### DIRECTIONS FOR THIS TASK
From the first line to the last, output the data exactly as it stands, minus its pictures.

### DATA EXCERPT
┏━━
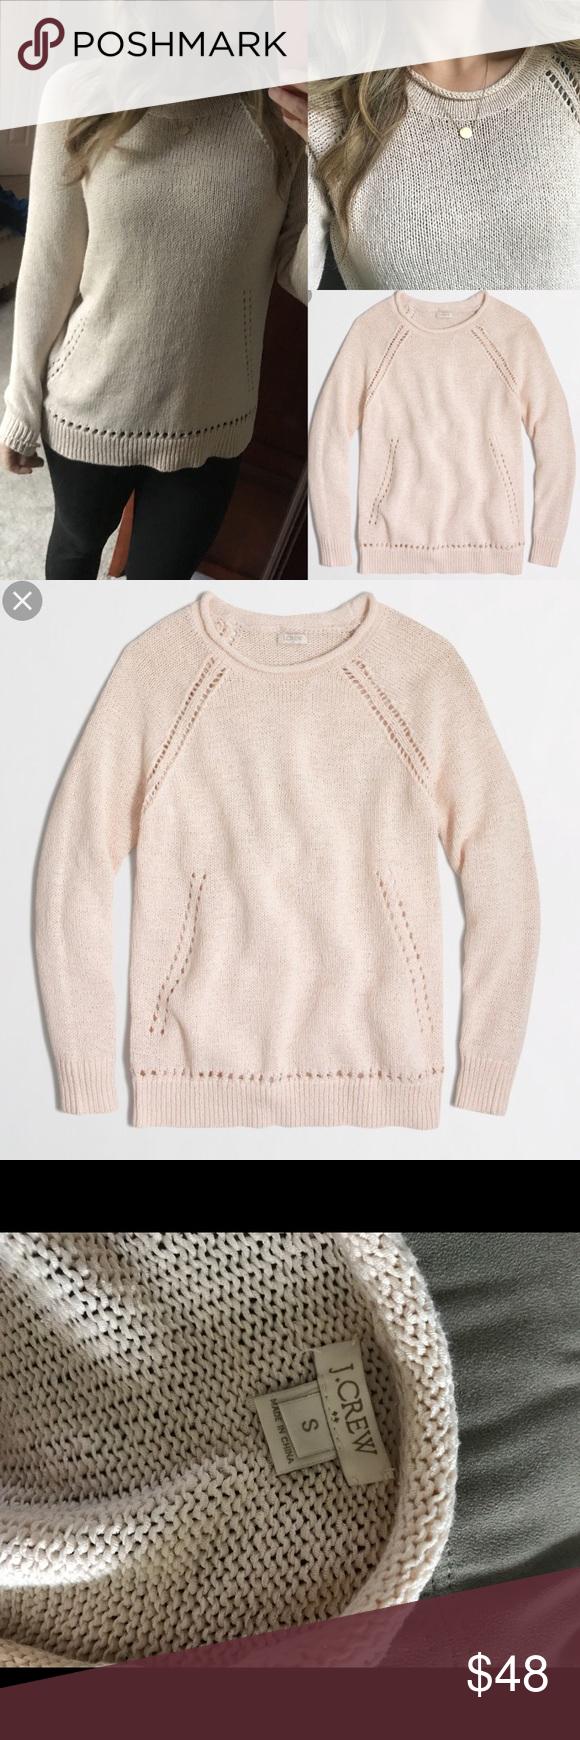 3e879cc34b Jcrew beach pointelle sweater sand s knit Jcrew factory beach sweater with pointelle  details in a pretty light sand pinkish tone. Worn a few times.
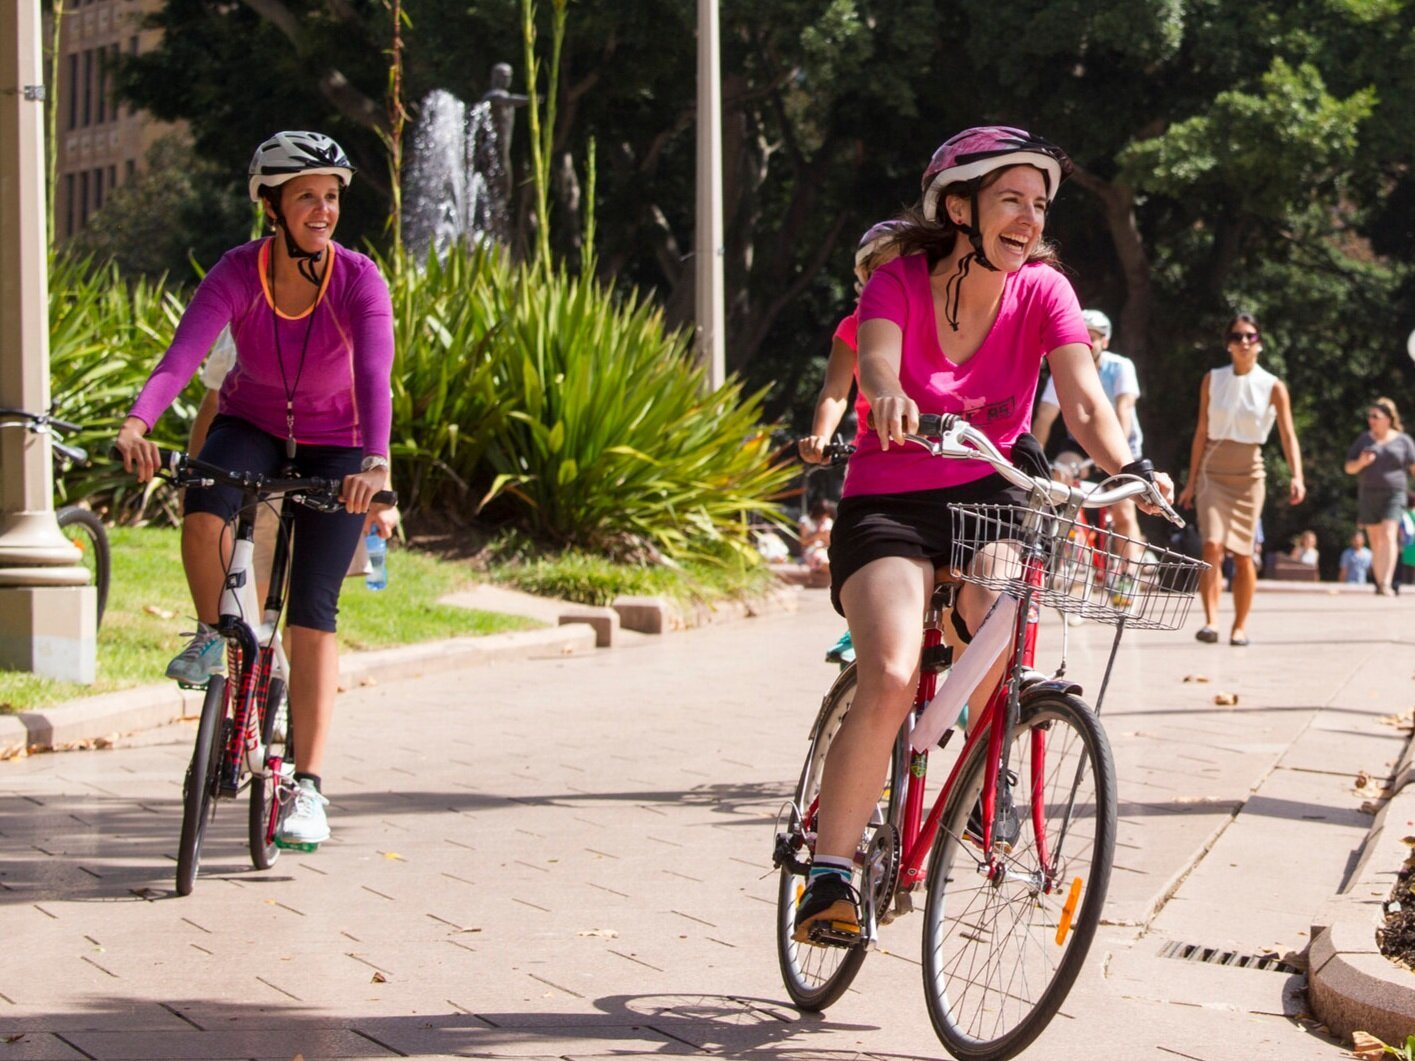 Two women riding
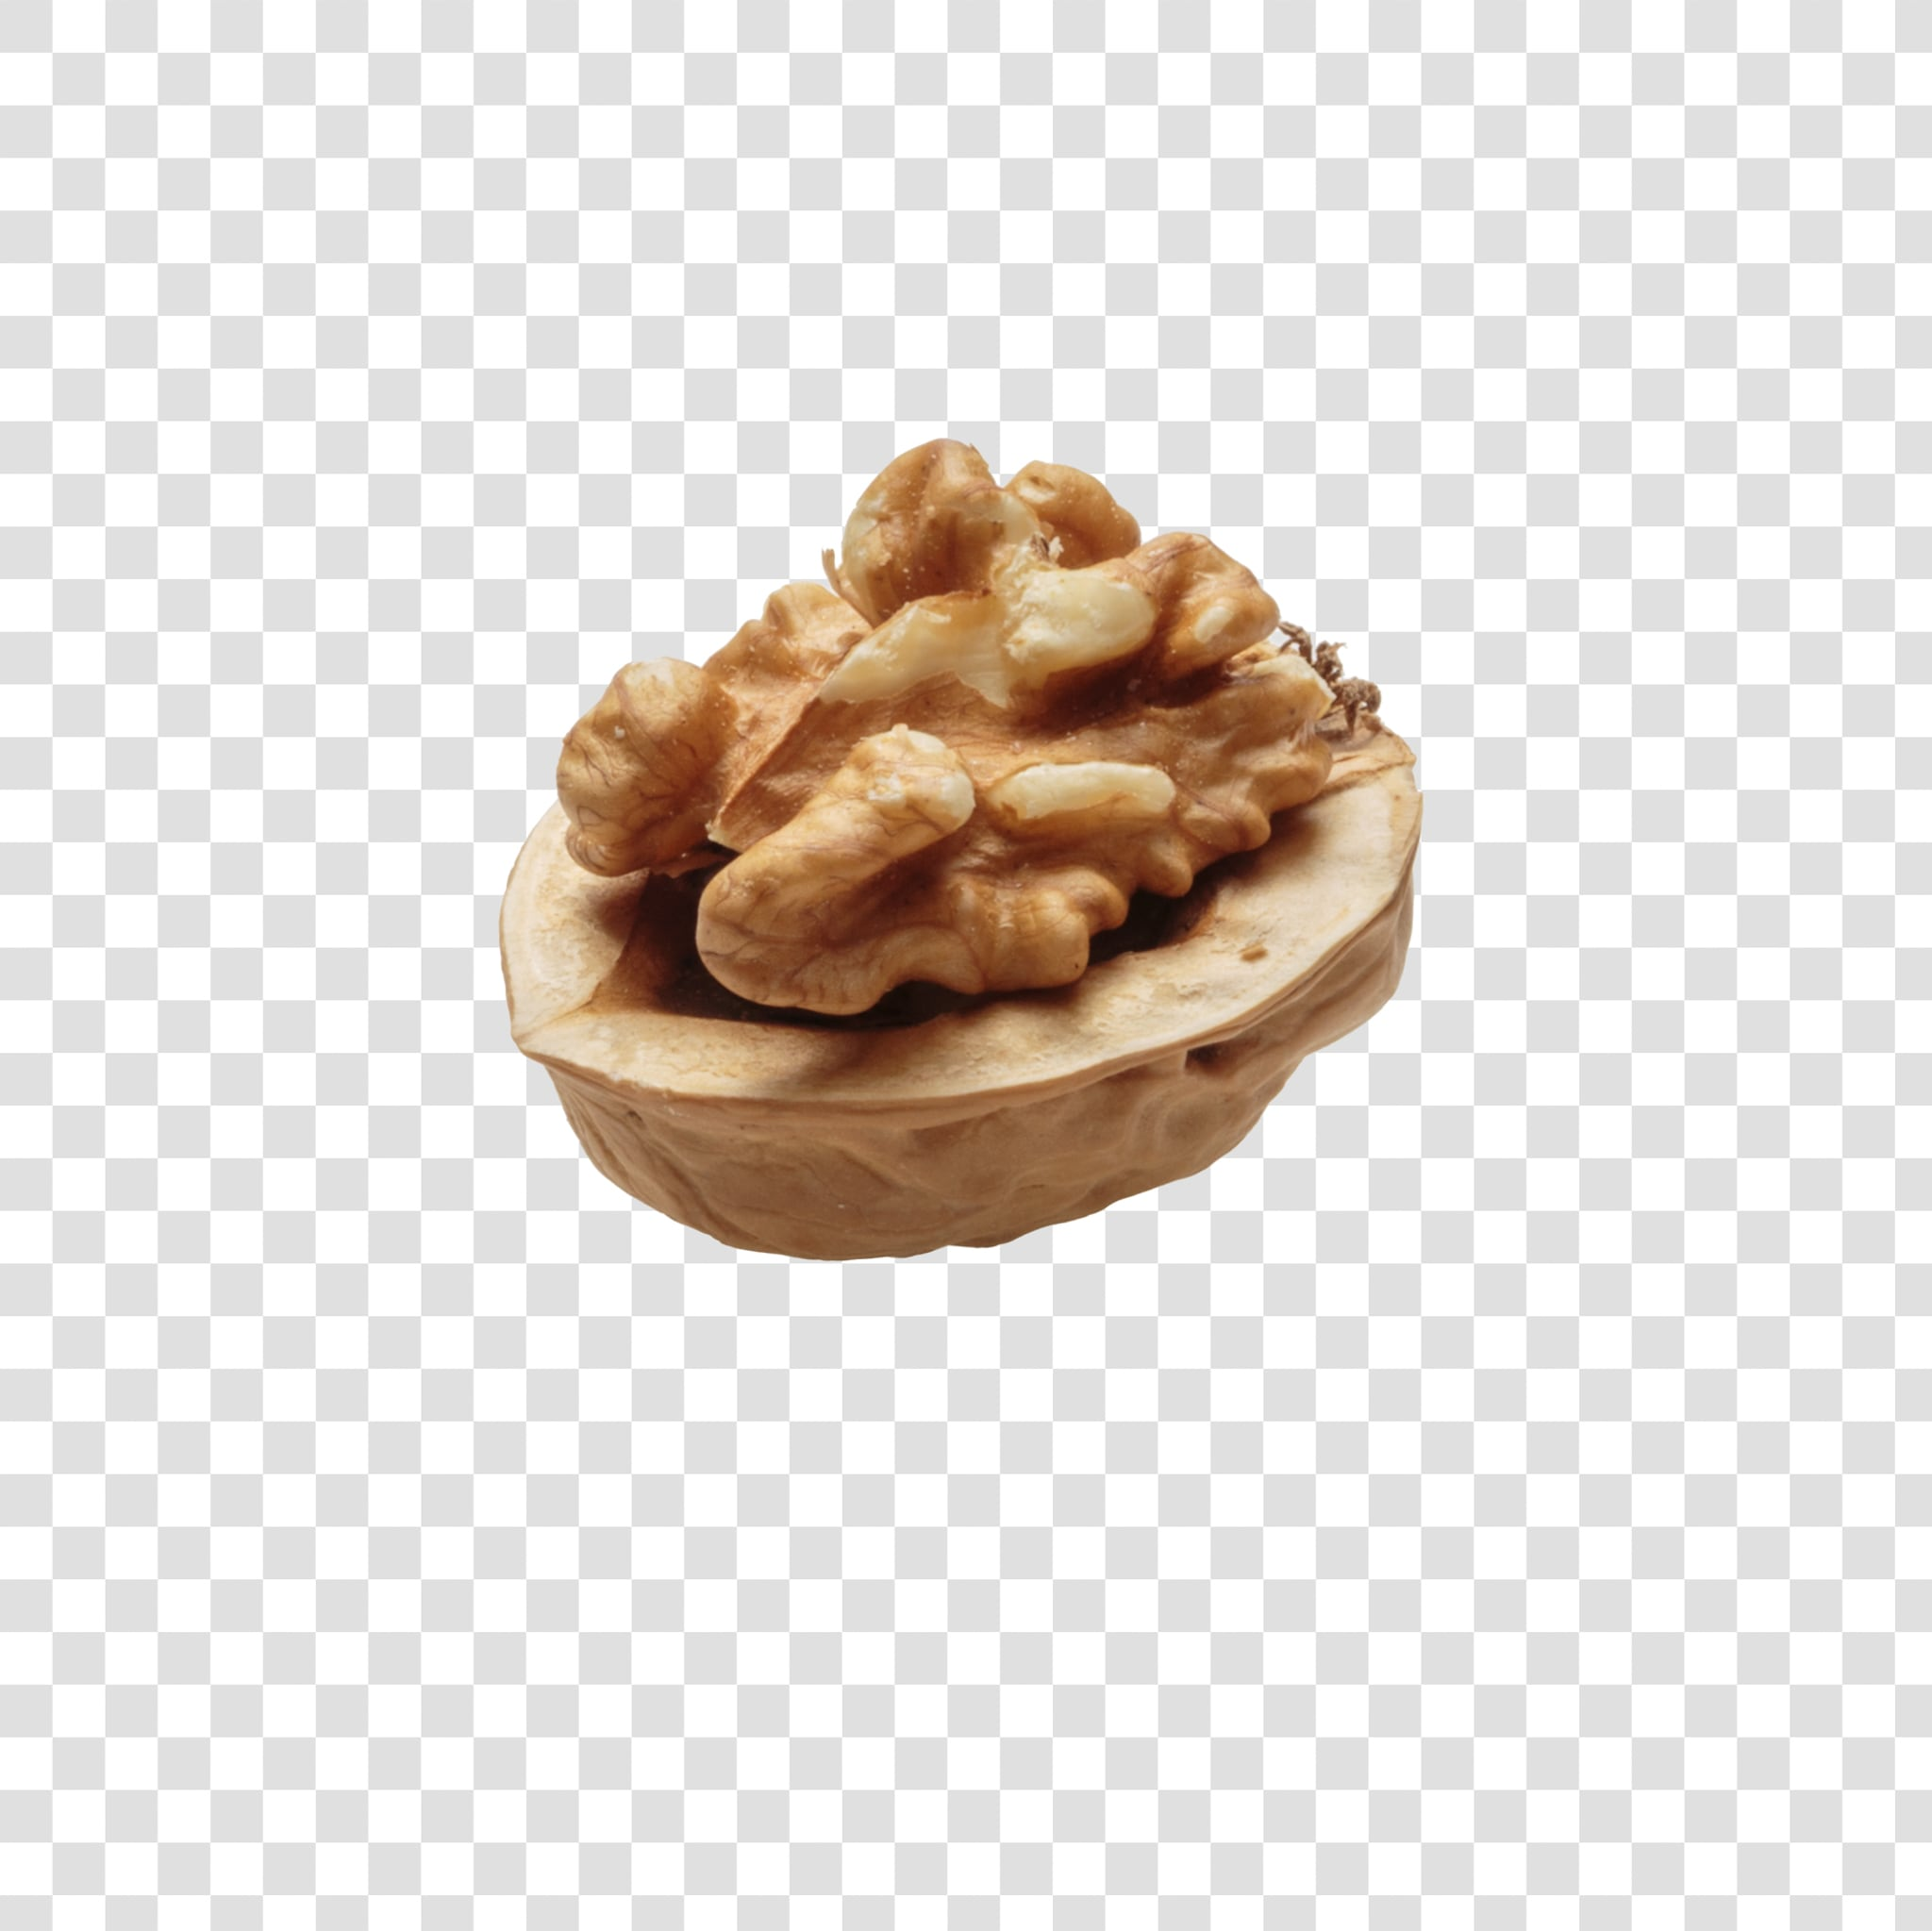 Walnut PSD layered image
┗━━
### SOLUTION FOR THIS PROBLEM
 3e879cc34b Jcrew beach pointelle sweater sand s knit Jcrew factory beach sweater with pointelle  details in a pretty light sand pinkish tone. Worn a few times.
 Two women riding
 Walnut PSD layered image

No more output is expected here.